Both the ethical imperatives I’ve described—“must work” and “must stay at home”—reflect noble desires, the one for talents fully used and the other for the vocation of motherhood. But I worry that both are too often promoted ideologically, prescribed as answers to the anxieties young women naturally feel about what they should do. This problem is especially pressing for those high-achieving college students I have been describing, who cannot imagine doing anything—be it career or motherhood—halfheartedly.
It’s the tacit denial of the tragedy of the human condition that I’ve come to resent in the contemporary literature about “balancing” career and family. This literature is full of demands for Justice and Equality, its authors motivated by ideas of social perfection: to finally place a sufficient number of women in the ranks of management and government and to effect true gender equality in the workplace as a whole. Engaged on a quest to change the world, they write with a fervor generated by a political ideal and employ the language of political advocacy, as if the divided desires of our souls can be unified by Reform and Revolution. There is a solution for everything, they imply; we just haven’t found it yet.
But this simply isn’t so. I know from personal experience that this conflict in the soul does not go away, no matter how pleasant and accommodating our colleagues may be, or how flexible our schedules. We are limited, embodied creatures. These limits mean that we cannot do everything to its fullest extent at once, and certain things we may not be able to do at all. The tragic aspect of this is that both excellence and nurture are real, vital goods and that the full pursuit of one often, and perhaps inevitably, forecloses fully pursuing the other.
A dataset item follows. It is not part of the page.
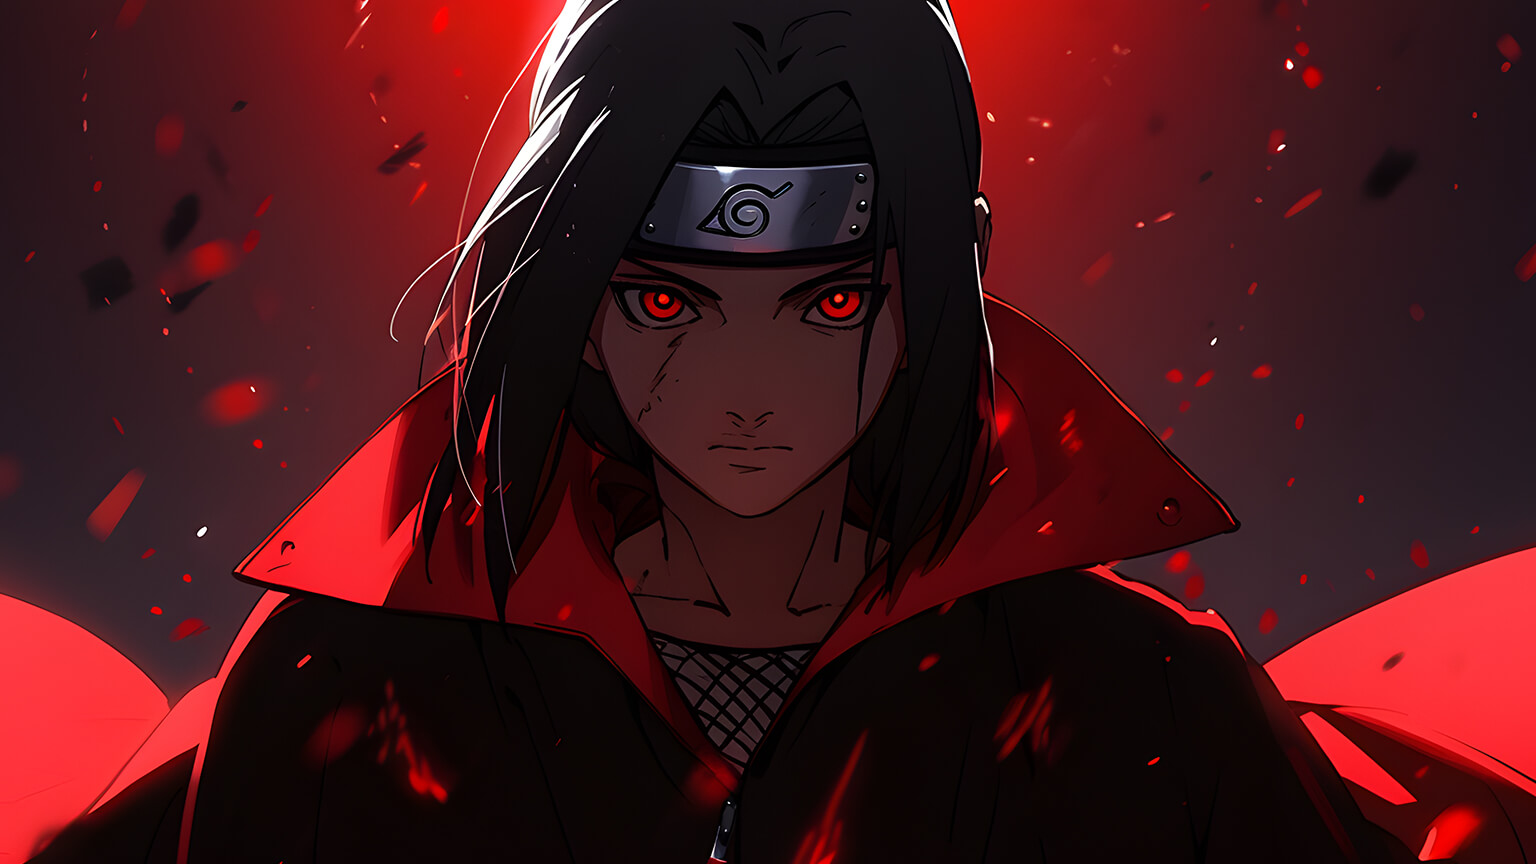 Naruto: The Inspiration For Itachi Uchiha's Doujutsu

This is very interesting. I think that my complaints might be small: A) While I certainly don't think that life is some Edenic ideal, I also don't think it's a tragedy. I don't think that God calls you to things that are impossible. Complicated, yes (and full of trade-offs); impossible, no. B) I think that all of this is true for men. I think it does men a disservice when we discuss work/family tensions without them. Aren't we all called both to be excellent and to serve others, both in our family and in our community?
~ Ah, "The Newsroom":
Sorkin is often presented as one of the auteurs of modern television, an innovator and an original voice. But he’s more logically placed in a school of showrunners who favor patterspeak, point-counterpoint, and dialogue-driven tributes to the era of screwball romance. Some of this banter is intelligent; just as often, however, it’s artificial intelligence, predicated on the notion that more words equals smarter. Besides Sorkin, these creators include Shonda Rhimes (whose Washington melodrama, “Scandal,” employs cast members from “The West Wing”); Amy Sherman-Palladino, of “The Gilmore Girls” (and the appealing new “Bunheads”); and David E. Kelley, who created “Ally McBeal” and “Boston Legal.” Sorkin is supposed to be on a different level from his peers: longer words, worldlier topics.I thought that Sorkin's method (which it's delightful to compare to "The Gilmore Girls"!) worked much better in "The West Wing." In "The West Wing" it felt fresh; in "The Newsroom" it feels just like the same old thing in a new setting. Like "The Gilmore Girls," when you rely on just one form of dialogue, it gets old and stylized after a while.
And, while some actors can get the method, some can't: Olivia Munn (Sloan Sabbith)'s delivery frequently makes me cringe.
Sure, there are over-the-top pious, pull-at-your-heart-strings lectures that are scattered liberally throughout the show, but it's the dialogue that really gets under my skin.
~ The birth story of a friend, filled with (good) drama and entertainingly told (the best kind of birth stories are the ones where the mother makes it to the hospital just in time). On her conversation with her husband on the way to the hospital:
(For the record, I distinctly remember speaking at least two other times: once to tell him he was doing a good job driving (it seemed like an appropriately encouraging thing to say at the time) and once when he (in helpful birth-coach mode) tried to encourage me to relax, and I told him that my being tense was holding the baby in. I stand by this statement.)